Nine intubated patients received prior continuous positive airway pressure (CPAP). The median number of days for prior CPAP was 1.5 (IQR 1–3). Of those who received prior CPAP, five were still alive 30 days after intubation. Only one patient who received CPAP did not require intubation.
The median time to intubation was 8.5 days (IQR 3–13). In the group that survived, the median time was six days and in the group that died, median time was 15 days (non-significant). Seven patients had a tracheostomy postintubation; five in the alive group and two in the group who died.
Rates of complications were similar in survivors and non-survivors with pneumothoraces occurring in three patients who died, and three who survived.
CONCLUSIONS
PJP is still a significant cause of death in HIV-positive people. The mortality rate of severe PJP is declining, with a mortality rate of 71% in the pre-1995 era, and 17% between 1997 and 2004. The definition of severe PJP has not changed, so it is unlikely that this reduction can be accounted for by a decline in the severity of PJP. Importantly, the mortality rate of those patients requiring intubation has fallen from 100% to 50%. This is not due to the advent of HAART, as the current practice is to start patients on HAART after the acute phase of PJP is over.
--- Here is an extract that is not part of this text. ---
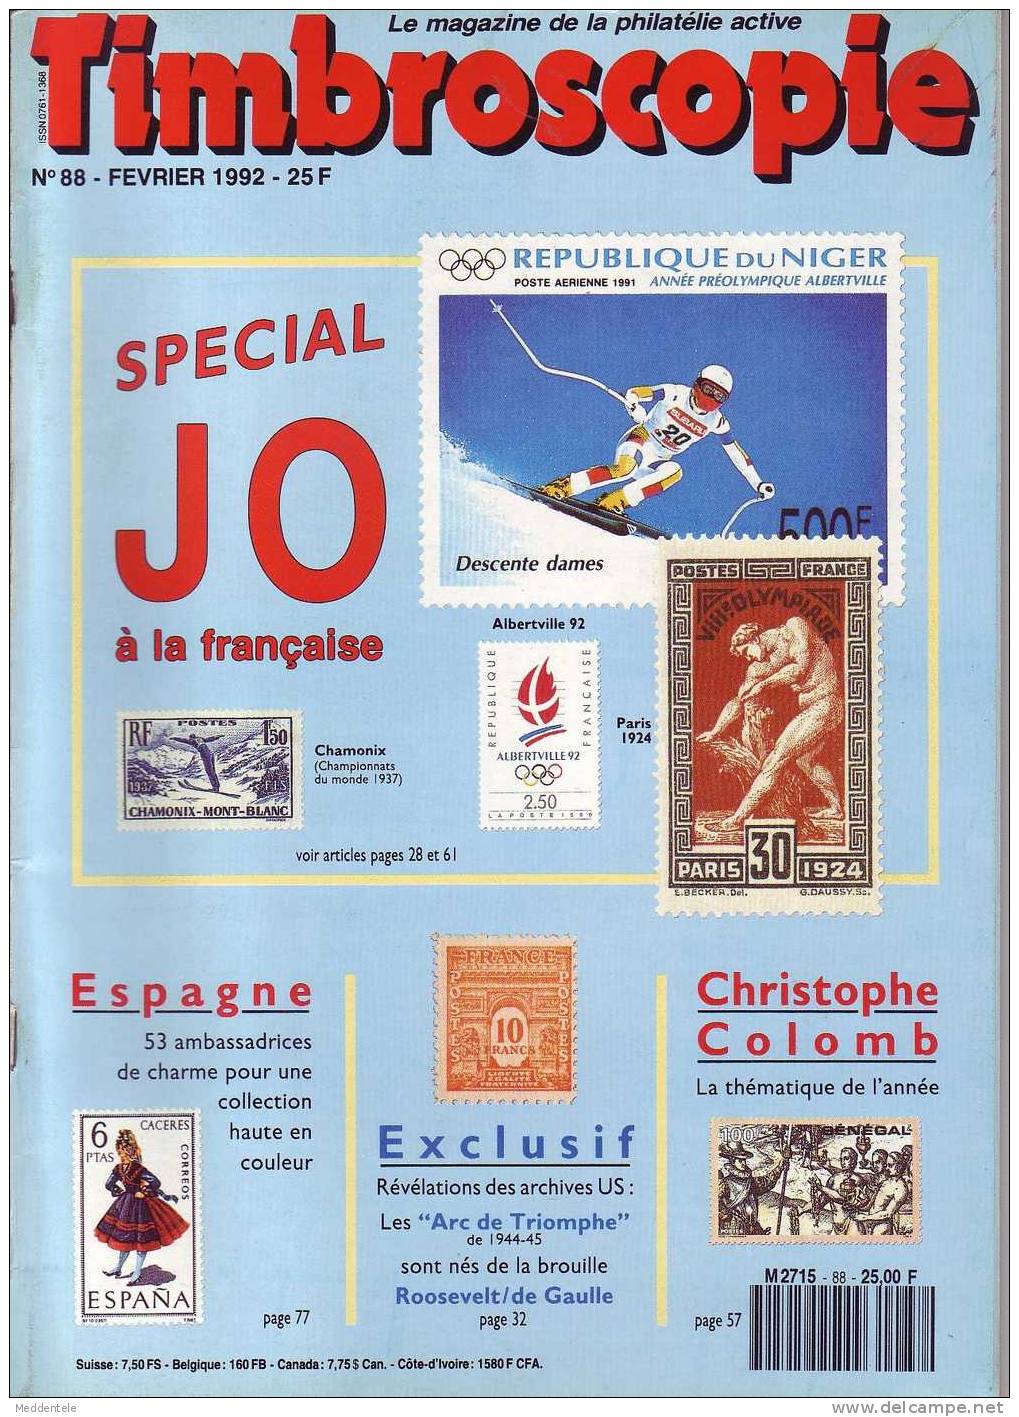 Timbroscopie N 88 Fev 1992 Special Jeux Olympiques JO - Français (àpd. 1941)
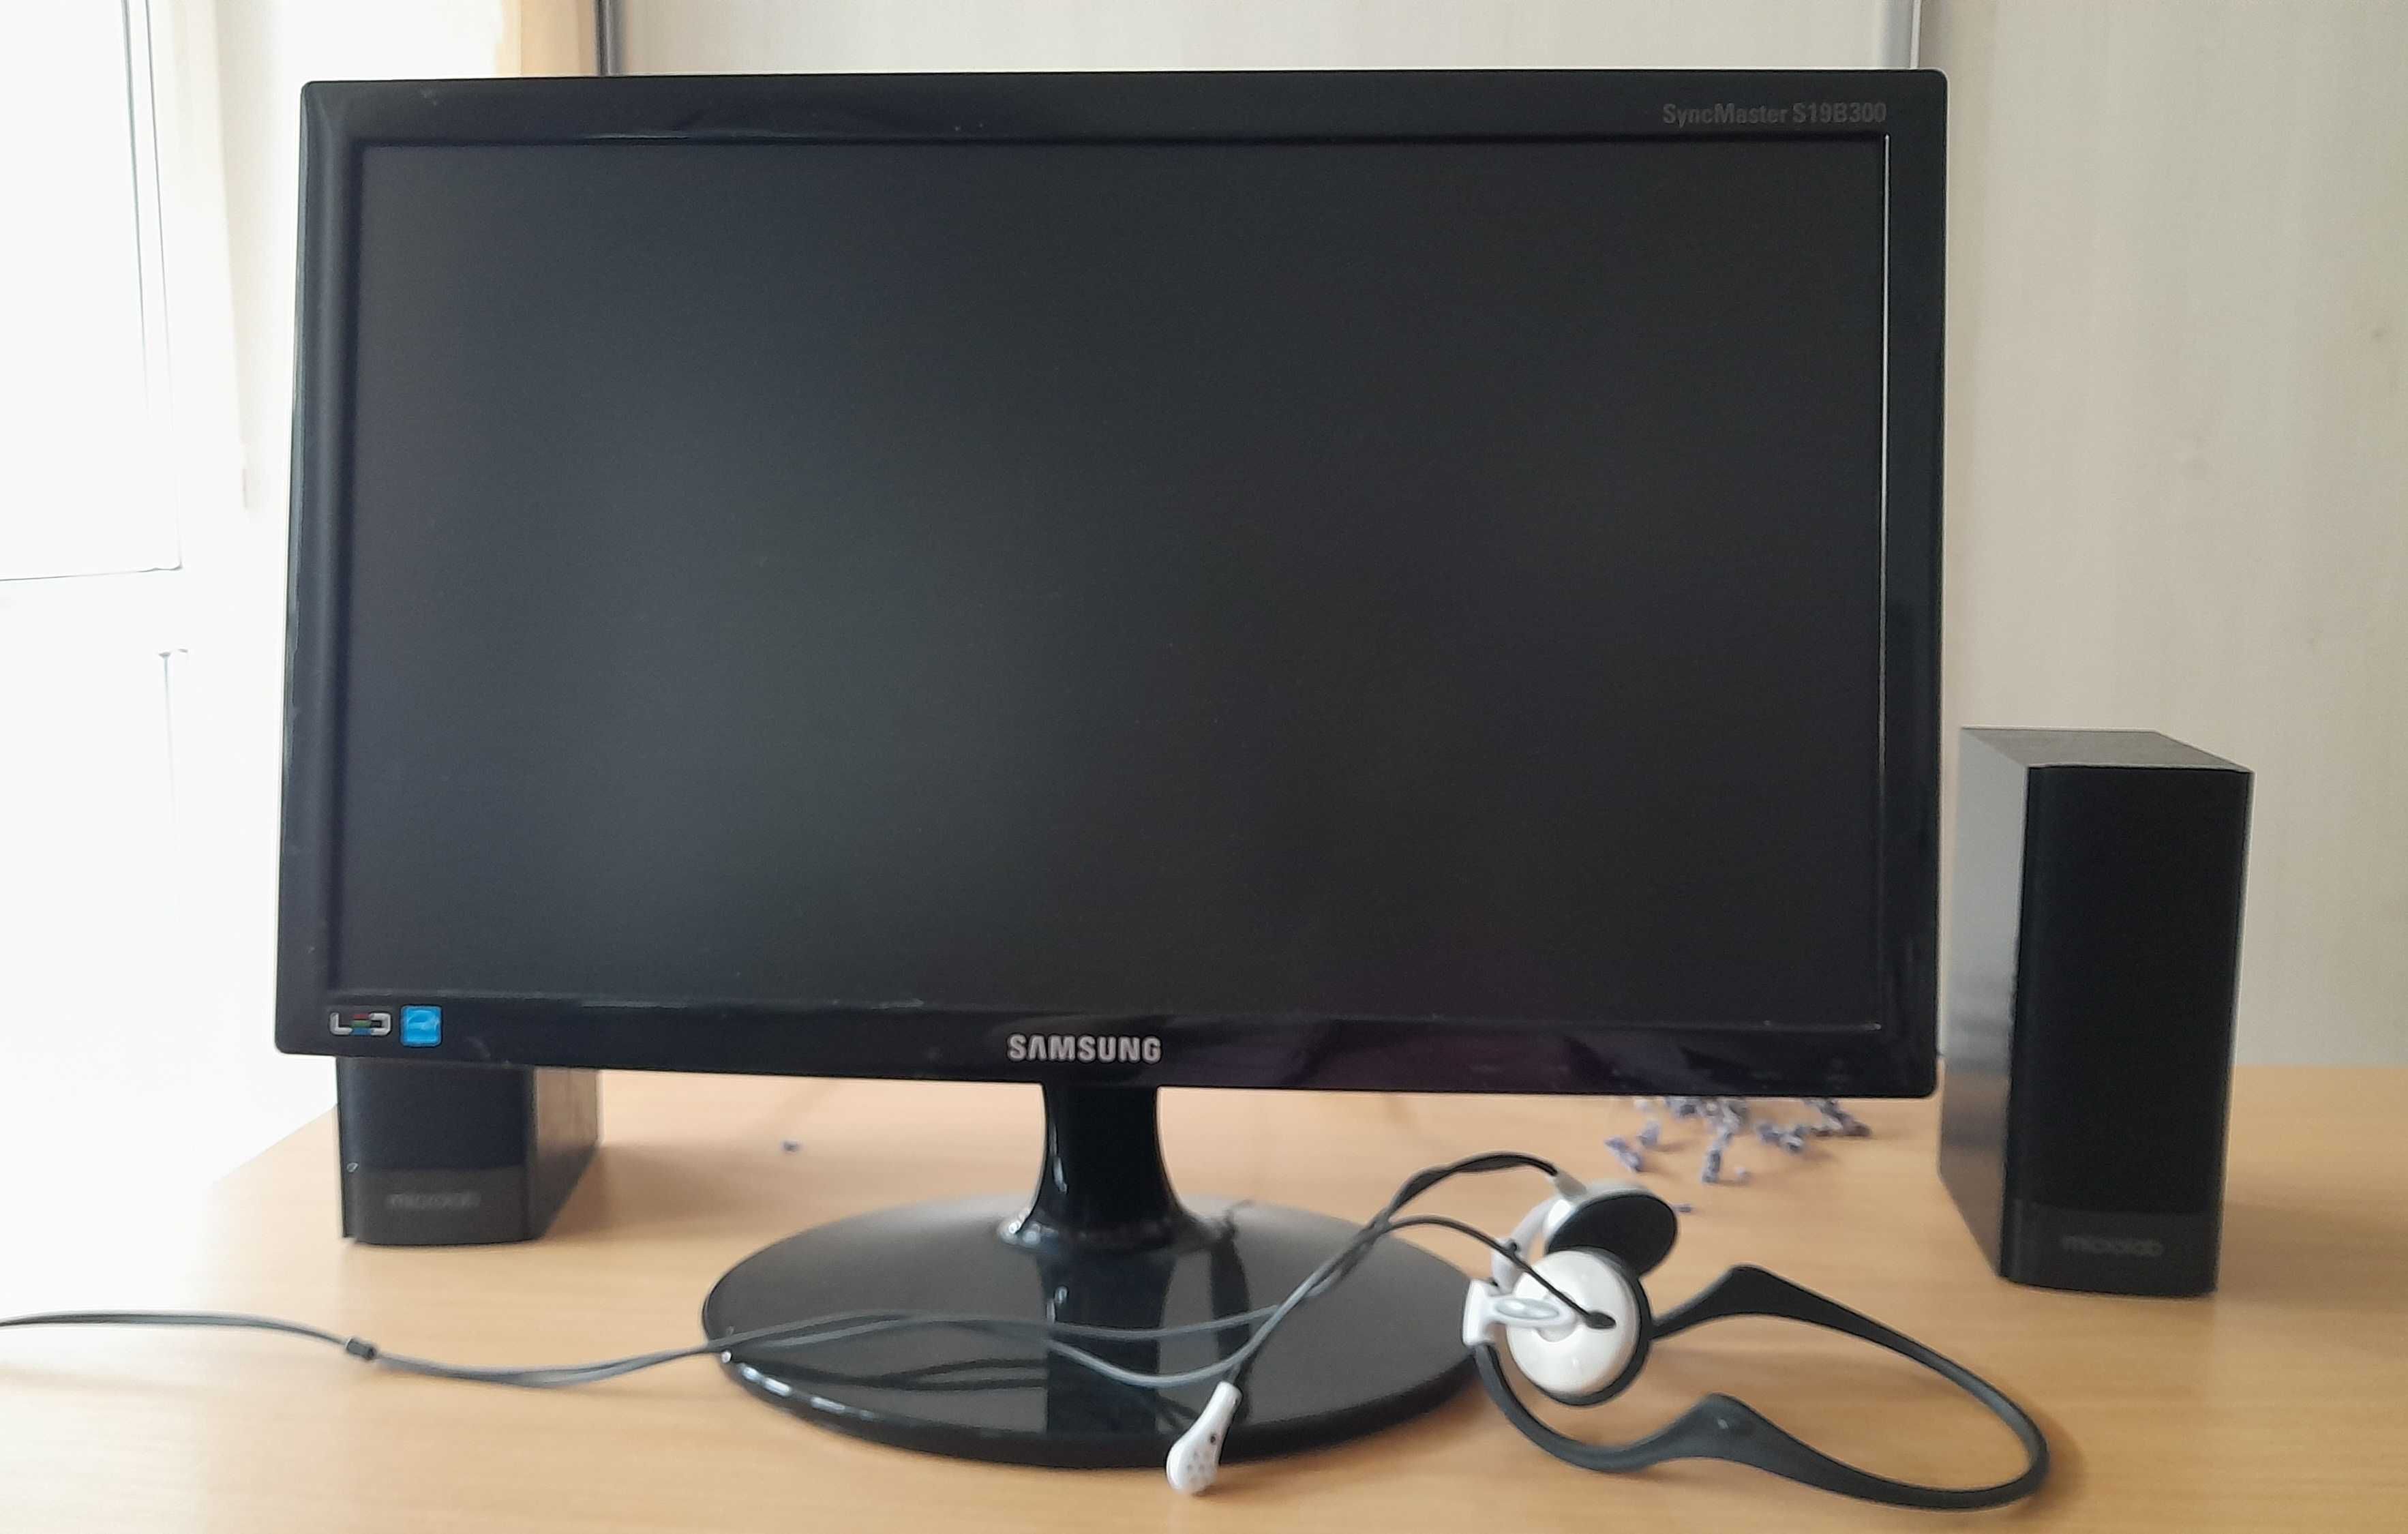 PC complet echipat (monitor LED, boxe, kit casti, tastatura, mouse).

Past studies have shown that survival increases with the experience of the centre treating PJP 4 and HIV. 5 Previously, there was a perceived reluctance to intubate patients with PJP due to the high mortality. This led to the increased use of non-invasive measures of ventilation, which may have helped some patients. However, increasing experience on the part of intensive care units will have contributed to the reduction in mortality rate. This may have manifested increased positive end-expiratory pressure and permissive hypercapnia from the use of protective ventilation, which involves lower tidal volumes. This in turn may have helped prevent pneumothoraces and earlier tracheostomy. The necessity of ventilation in HIV patients with severe PJP is no longer a mandatory death sentence.